## Work item
An exact restatement of all the data is required, with the pictures left out.

** Given material follows **

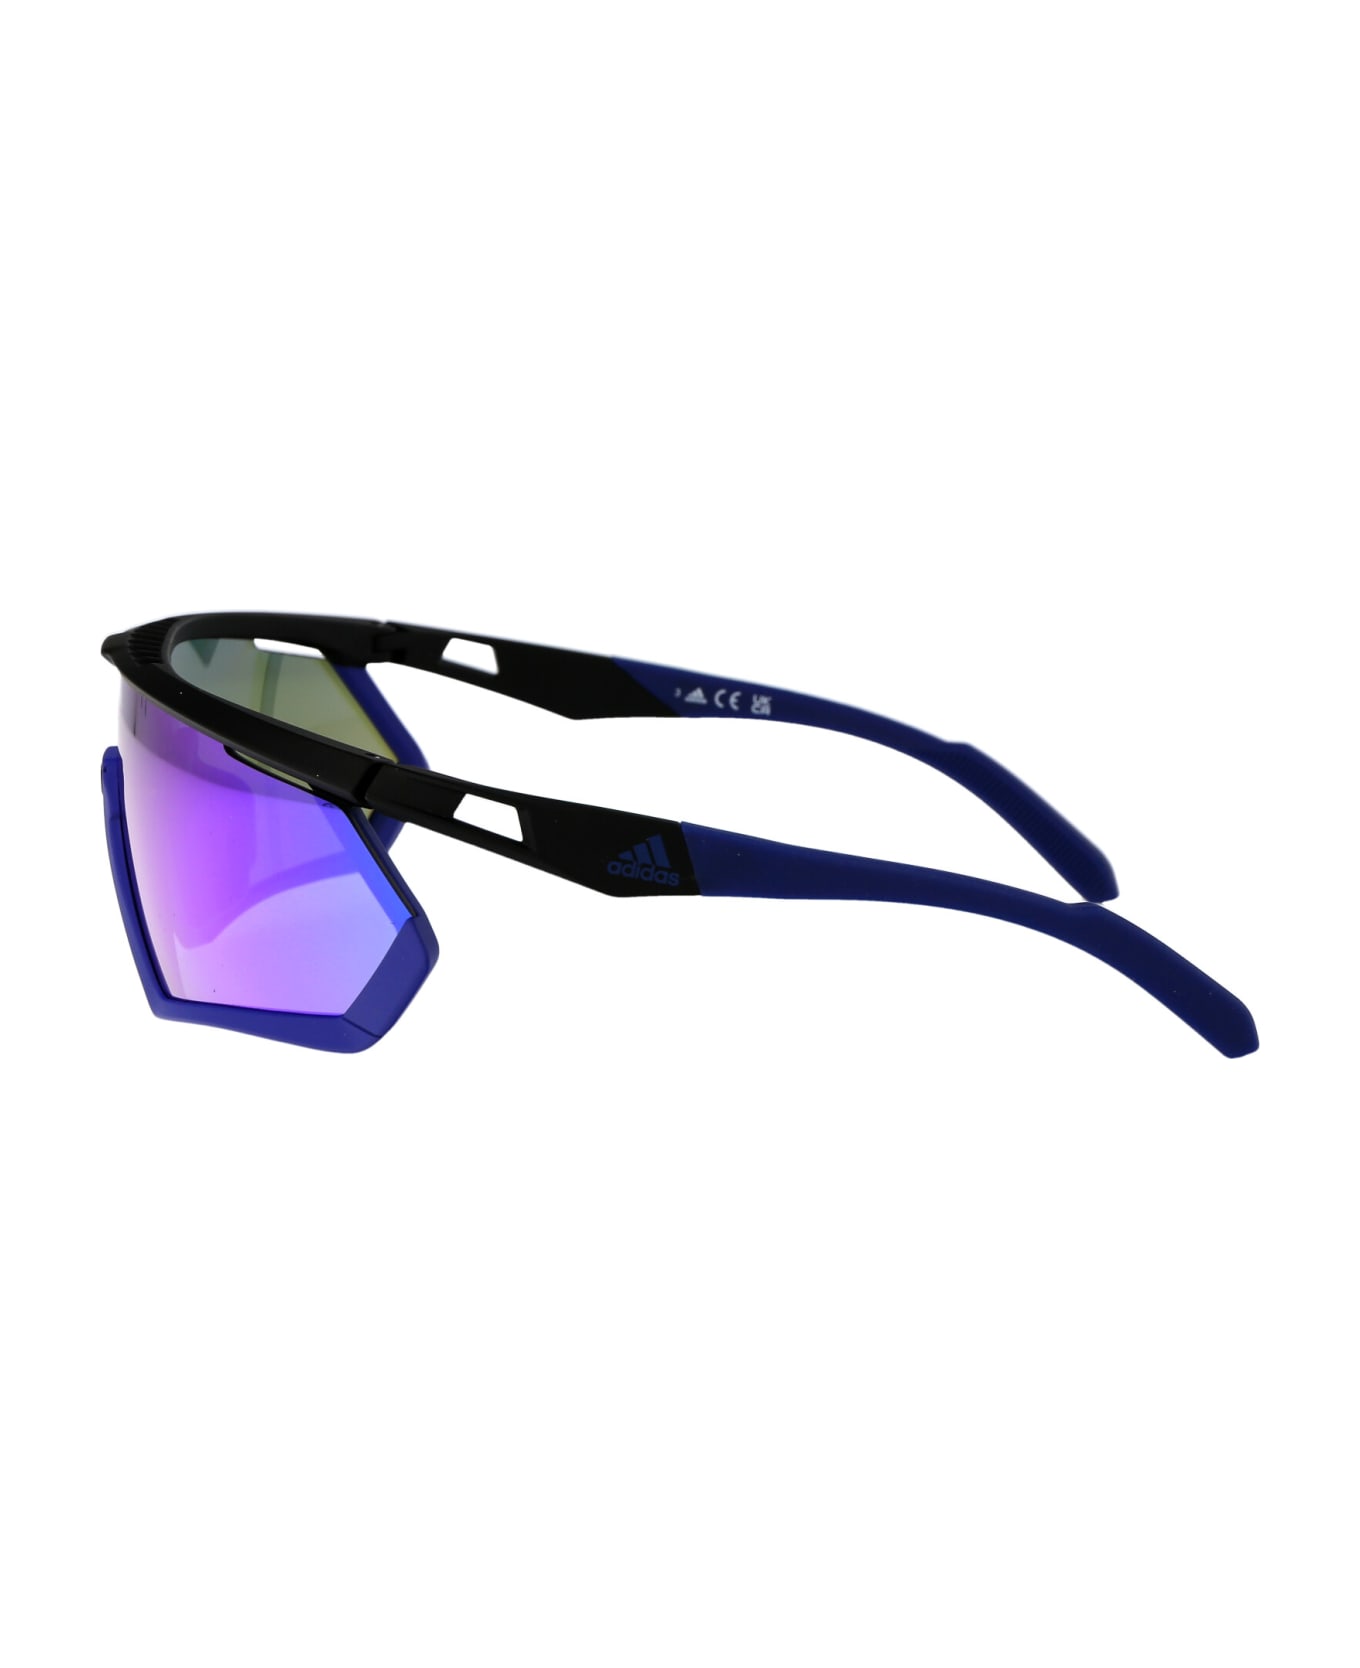 Adidas Sp0054 Sunglasses - 02Z Nero Opaco/Viola Grad E/O Specchiato
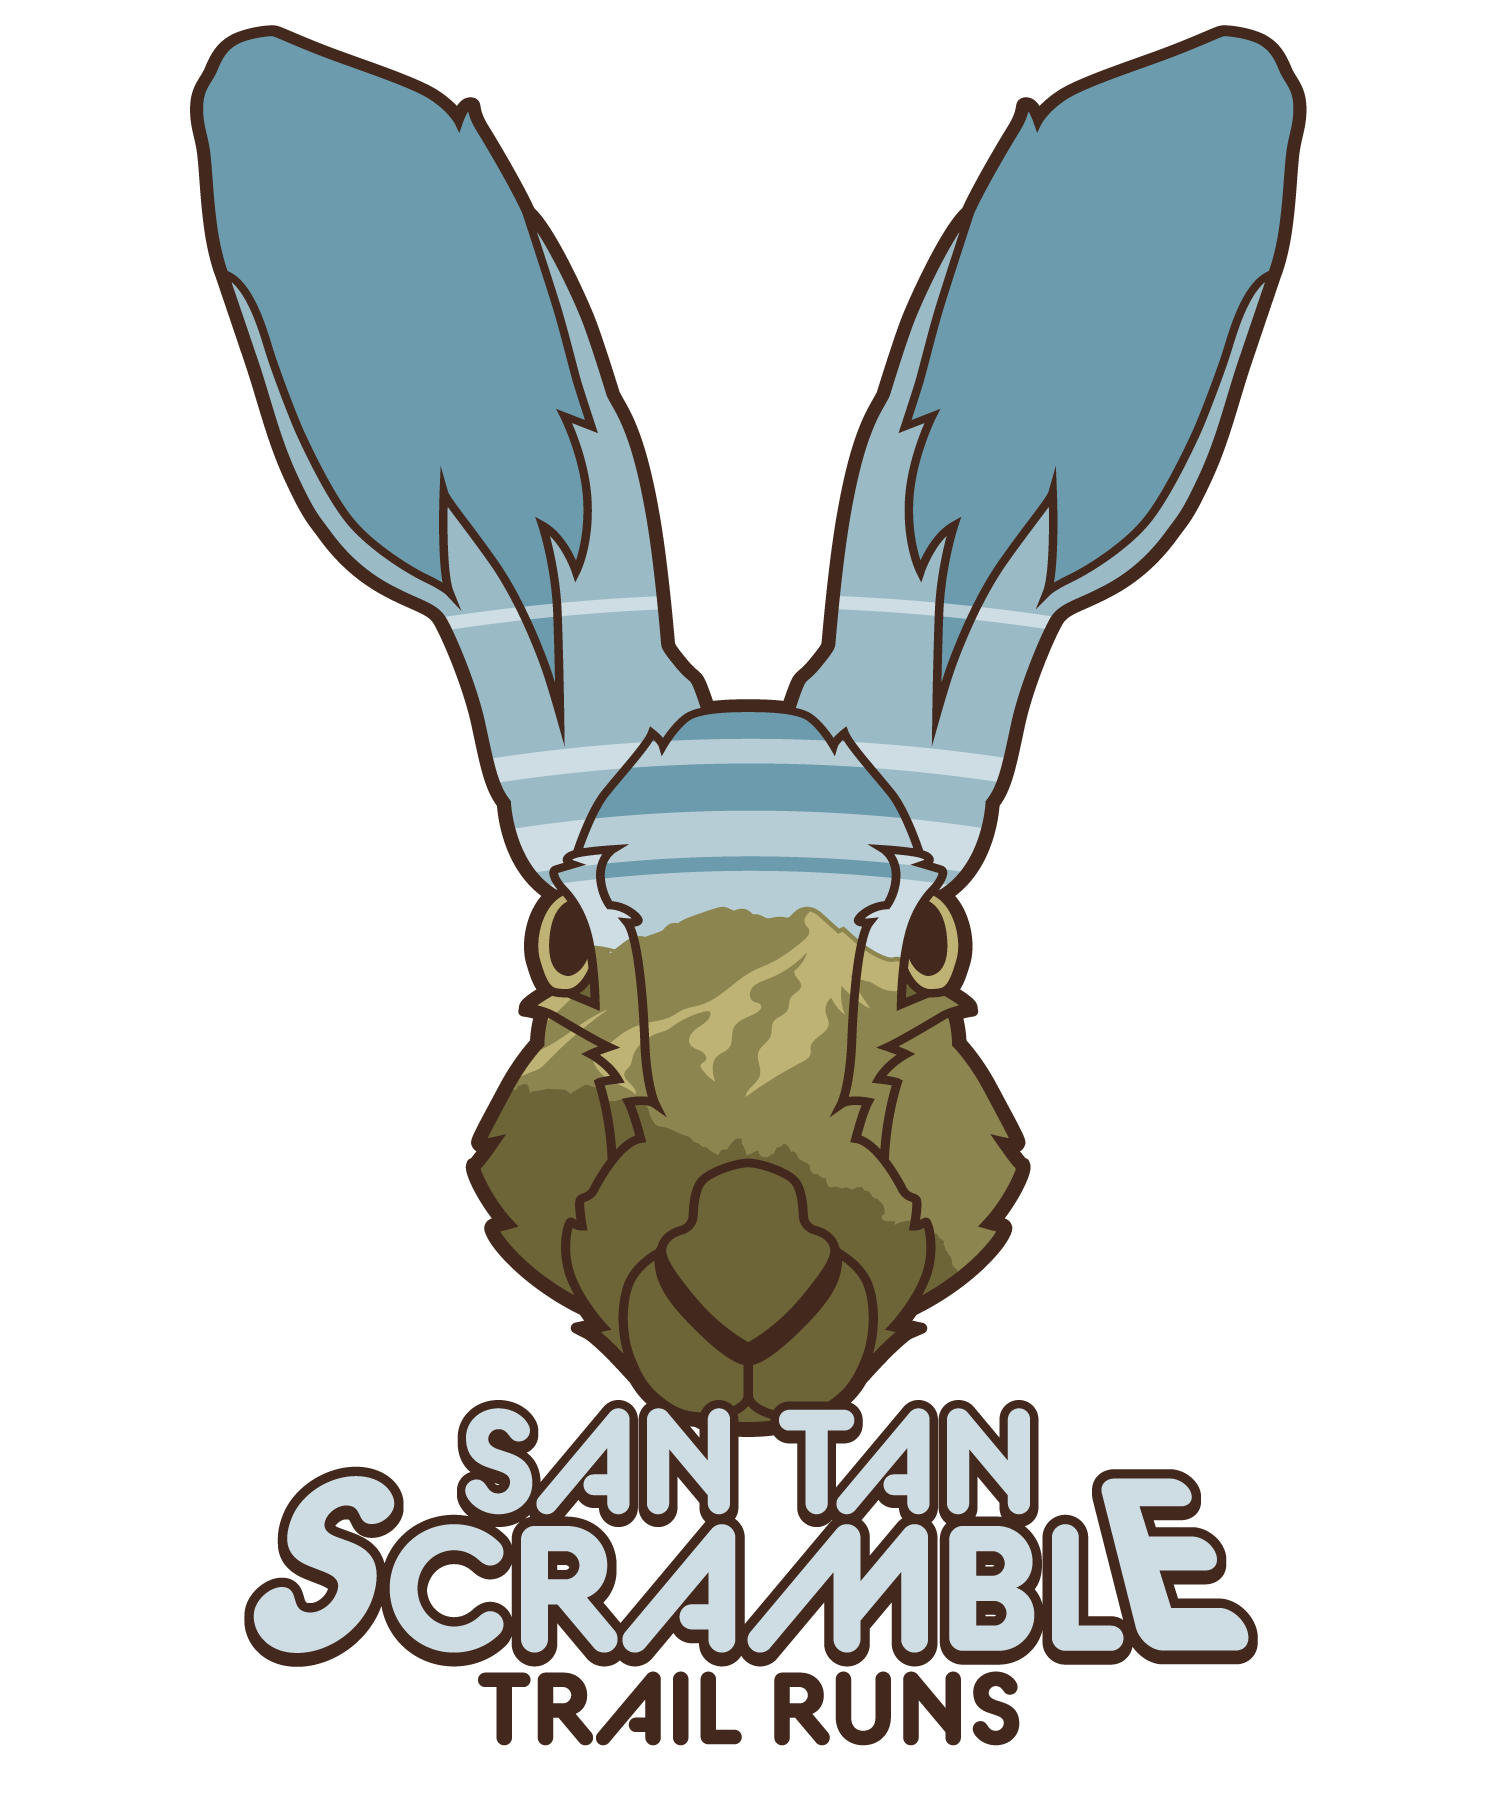 San Tan Scramble Trail Runs logo on RaceRaves
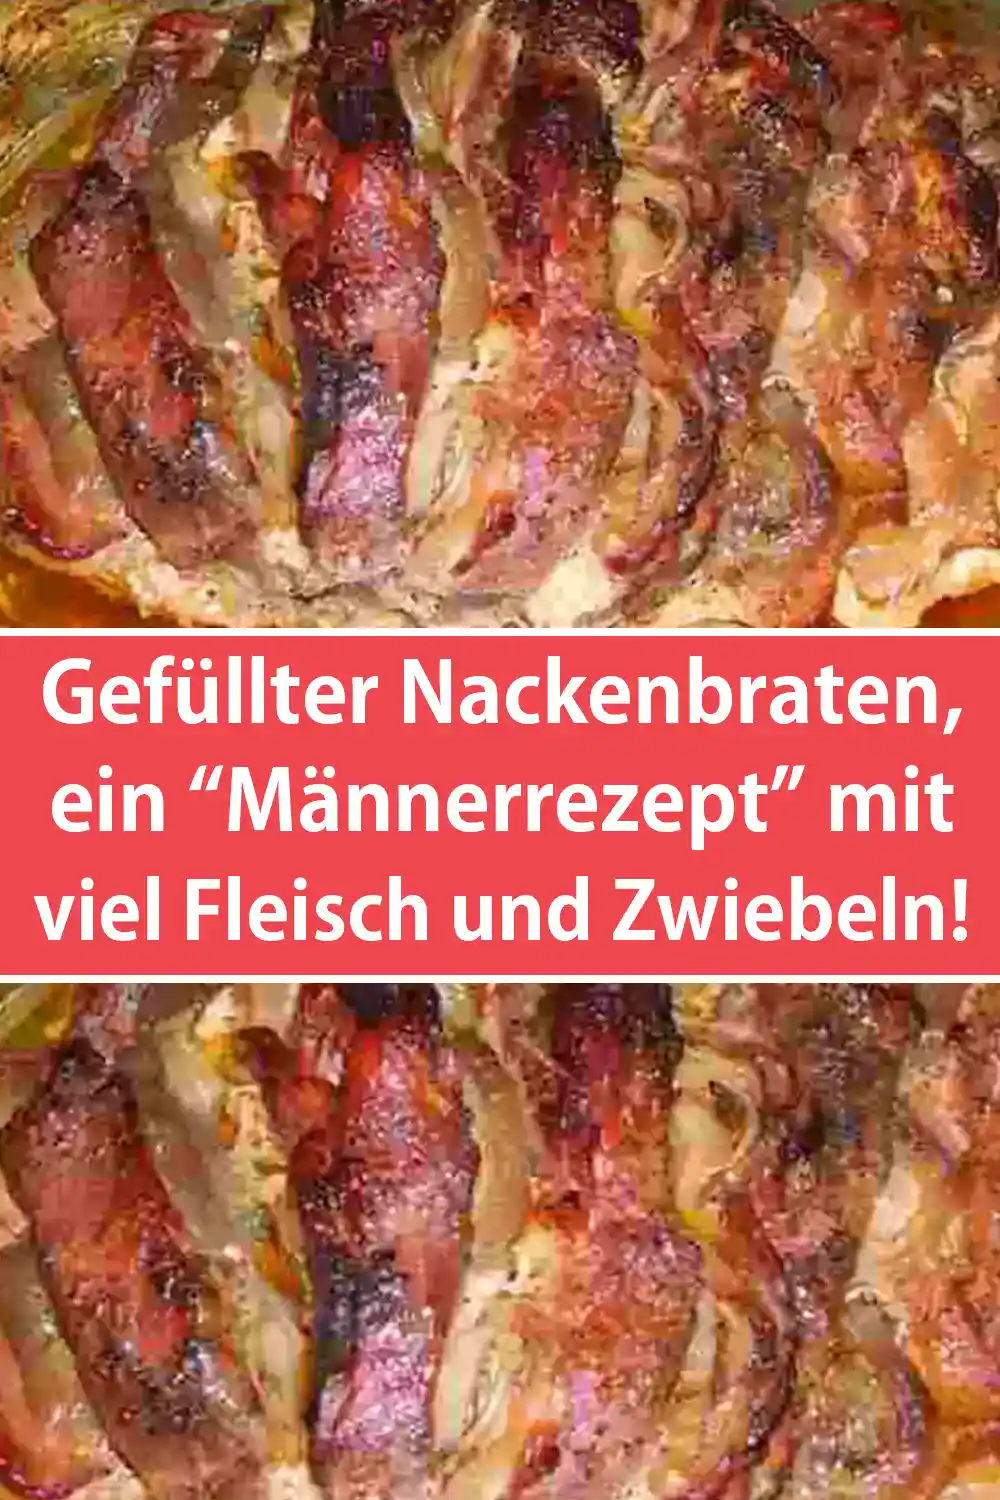 Gefüllter Nackenbraten Rezept, ein “Männerrezept” mit viel Fleisch und Zwiebeln!
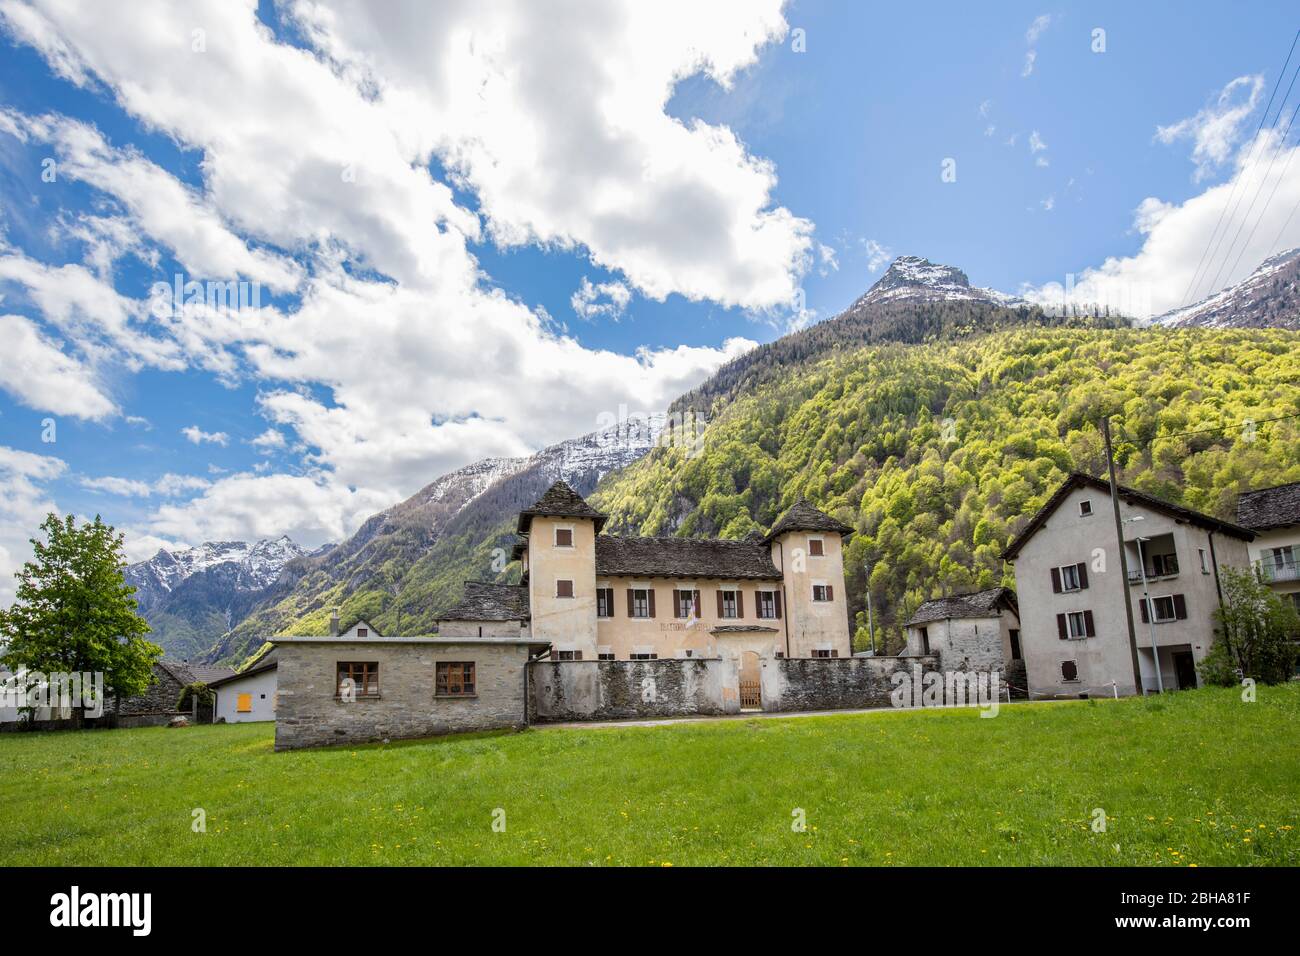 Switzerland, Alps, Ticino, Locarno, Verzasca Valley, Brione Verzasca, Castello, Castle Stock Photo

** End of Given material **

## Answer to this exercise
 Adidas Sp0054 Sunglasses - 02Z Nero Opaco/Viola Grad E/O Specchiato
 San Tan Scramble Trail Runs logo on RaceRaves
 Gefüllter Nackenbraten Rezept, ein “Männerrezept” mit viel Fleisch und Zwiebeln!
 Switzerland, Alps, Ticino, Locarno, Verzasca Valley, Brione Verzasca, Castello, Castle Stock Photo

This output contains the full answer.